I have already put together a functioning solution for this using Simple Queue Service, EC2 and Lambda. But I am wondering would ECS or Kubernetes make this simpler? I have been going through the ECS documenation and it seems like it is not very concerned with starting up and shutting down instances. It seems like it wants to have an instance that is constantly running, then docker images are fed to it as task to run. Can Amazon ECS be configured so if there are no task running it automatically shuts down all instances?
Also I am not understanding how exactly I would submit a specific chunk of data to be processed. It seems like "Tasks" as defined in Amazon ECS really correspond to a single Docker container, not so much what kind of data that Docker container will process. Is that correct? So would I still need to feed the data-to-be-processed into the instances via simple queue service, or other? Then use Lambda to poll those queues to see if they should submit tasks to ECS?
This is my naive understanding of this right now, if anyone could help me understand the things I've described better, or point me to better ways of thinking about this it would be appreciated.
This is a complex subject and many details for a good answer depend on the exact requirements of your domain / system.
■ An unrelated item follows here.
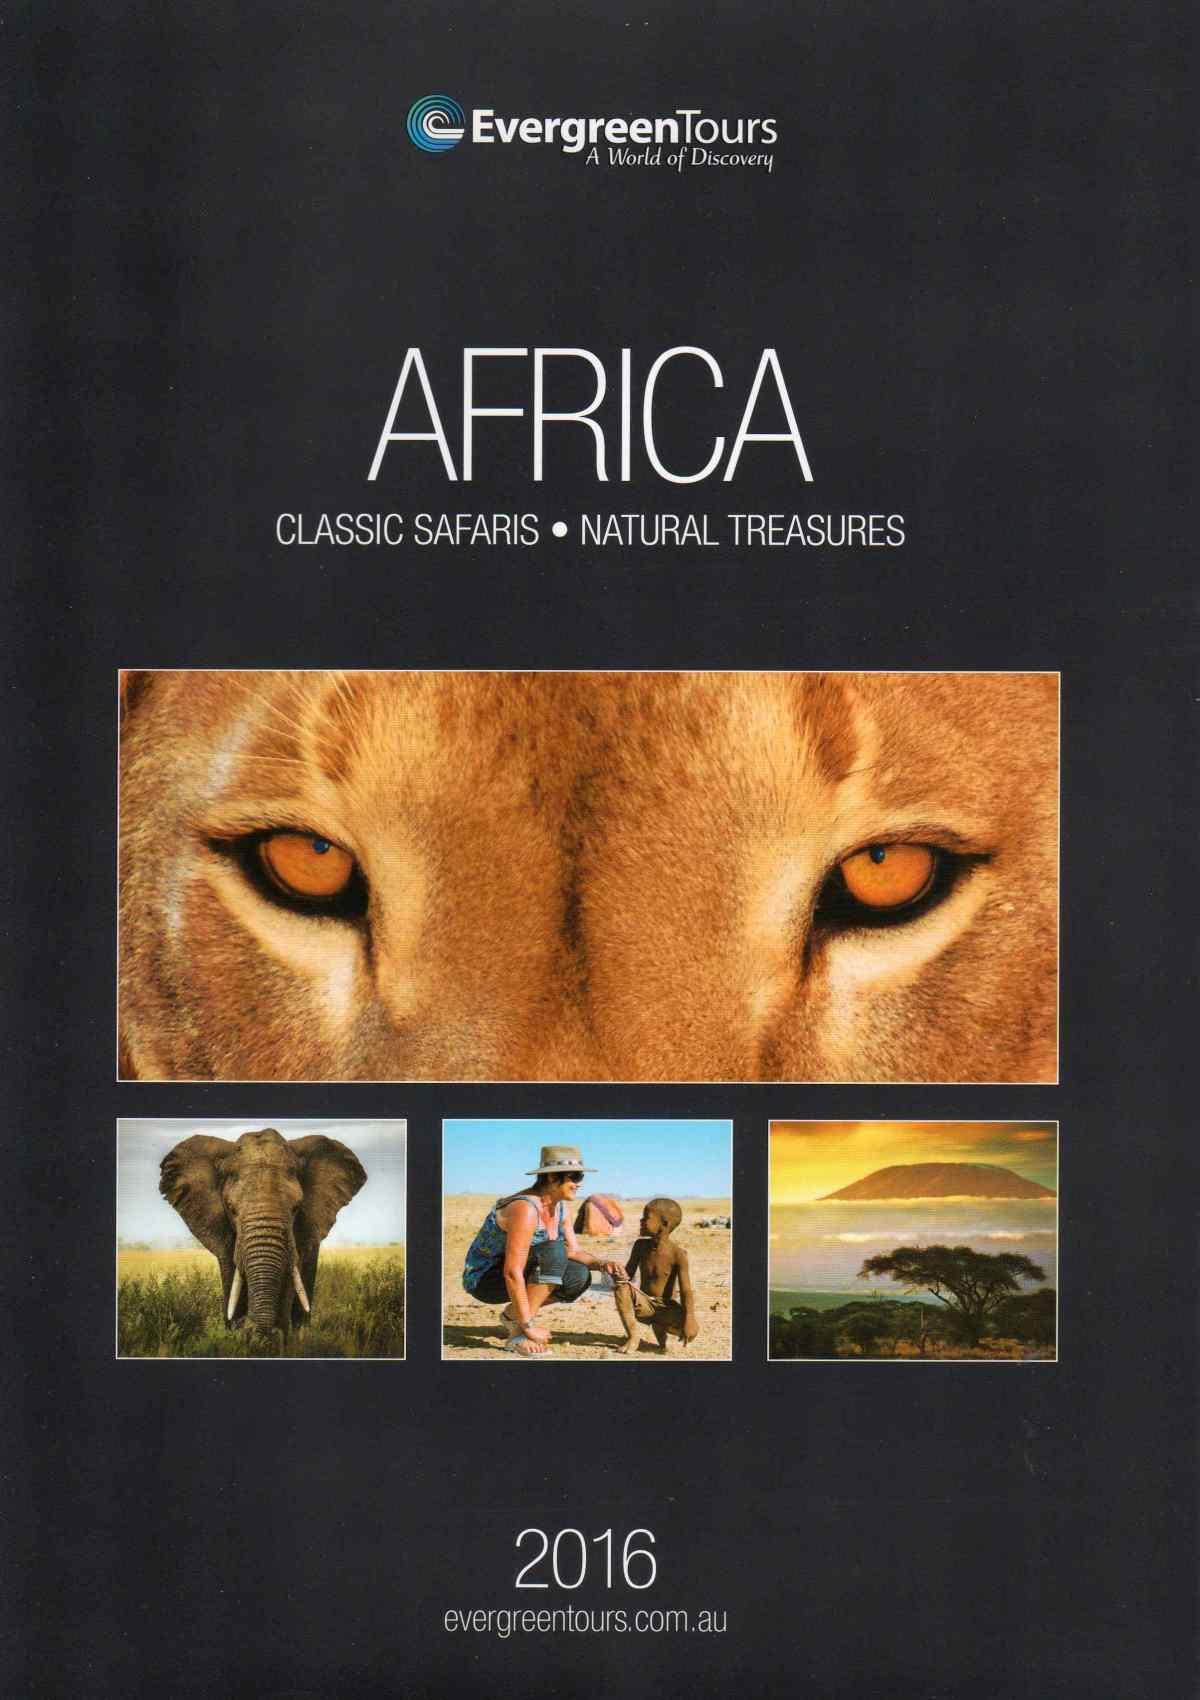 Evergreen Tours Africa Brochure
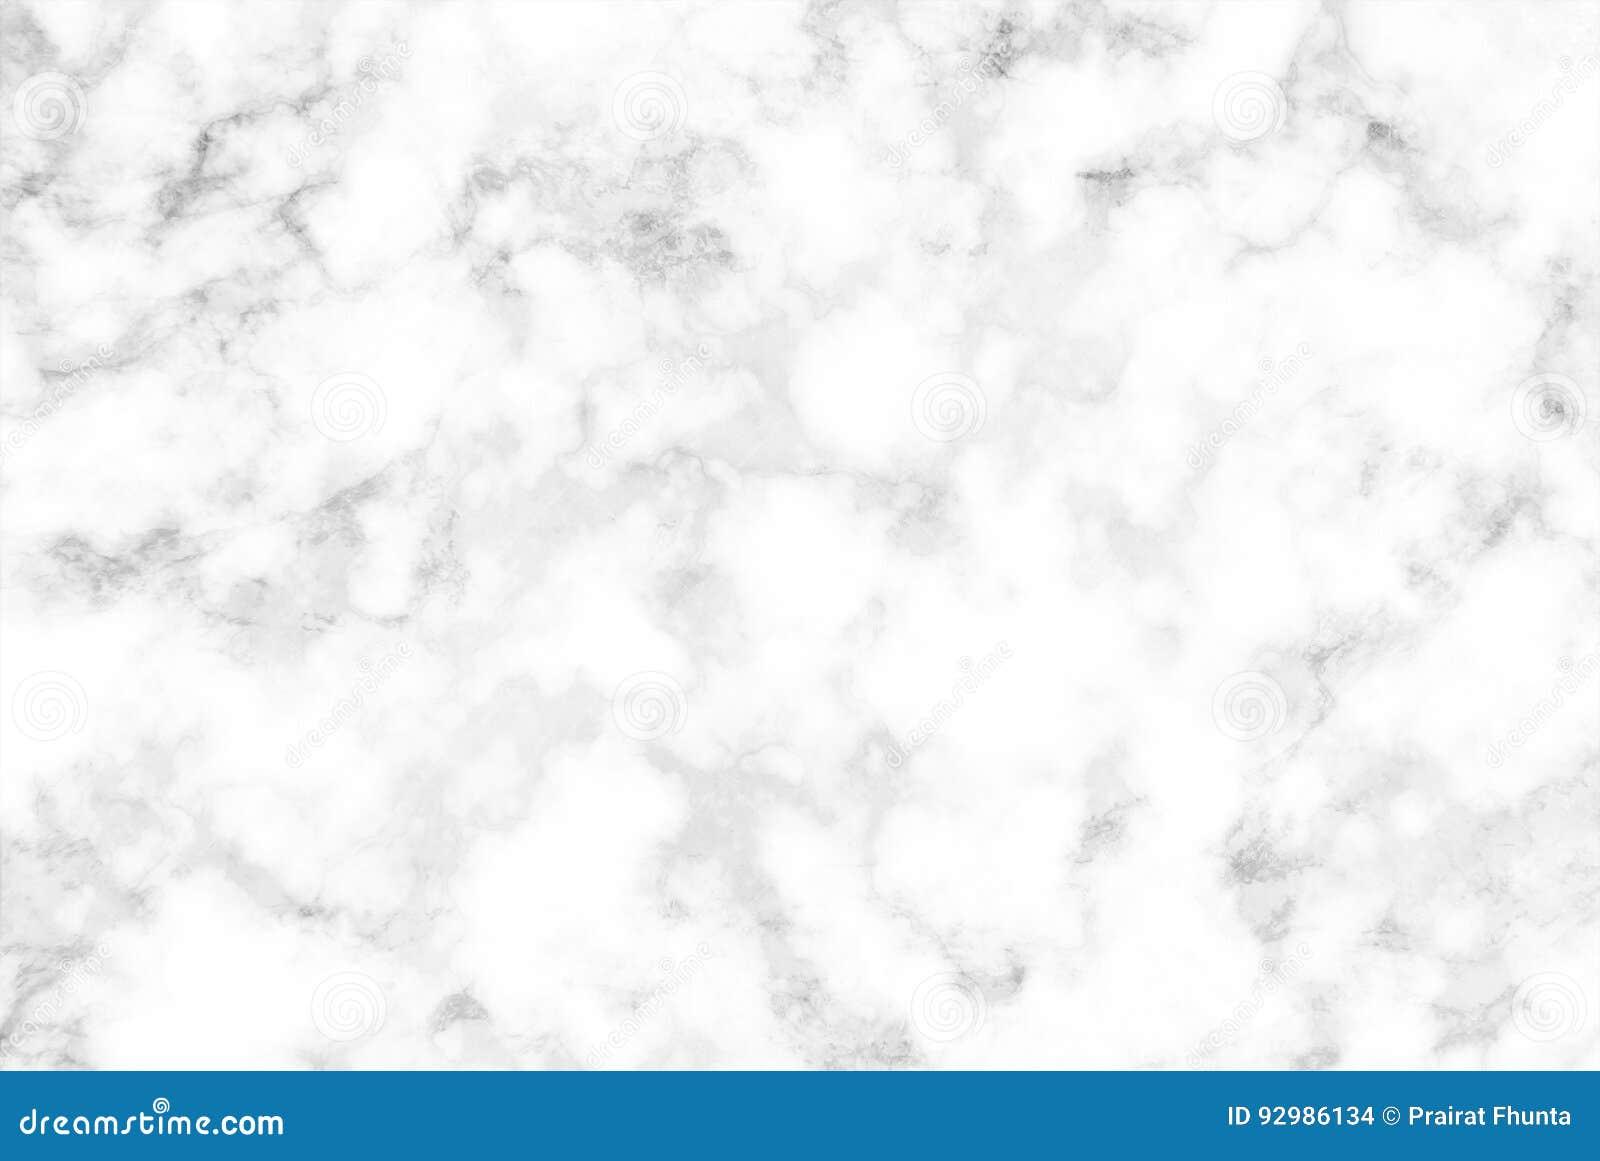 Texture blanche et grise de marbre de nuage

So the following information is based on the very high level description you gave.
A lot of the features of ECS, kubernetes etc. are geared towards allowing a distributed application that acts as a single service and is horizontally scalable, upgradeable and maintanable. This means it helps with unifying service interfacing, load balancing, service reliability, zero-downtime-maintenance, scaling the number of worker nodes up/down based on demand (or other metrics), etc.
The following describes a high level idea for a solution for your use case with kubernetes (which is a bit more versatile than AWS ECS).
So for your use case you could set up a kubernetes cluster that runs a distributed event queue, for example an Apache Pulsar cluster, as well as an application cluster that is being sent queue events for processing. Your application cluster size could scale automatically with the number of unprocessed events in the queue (custom pod autoscaler). The cluster infrastructure would be configured to scale automatically based on the number of scheduled pods (pods reserve capacity on the infrastructure).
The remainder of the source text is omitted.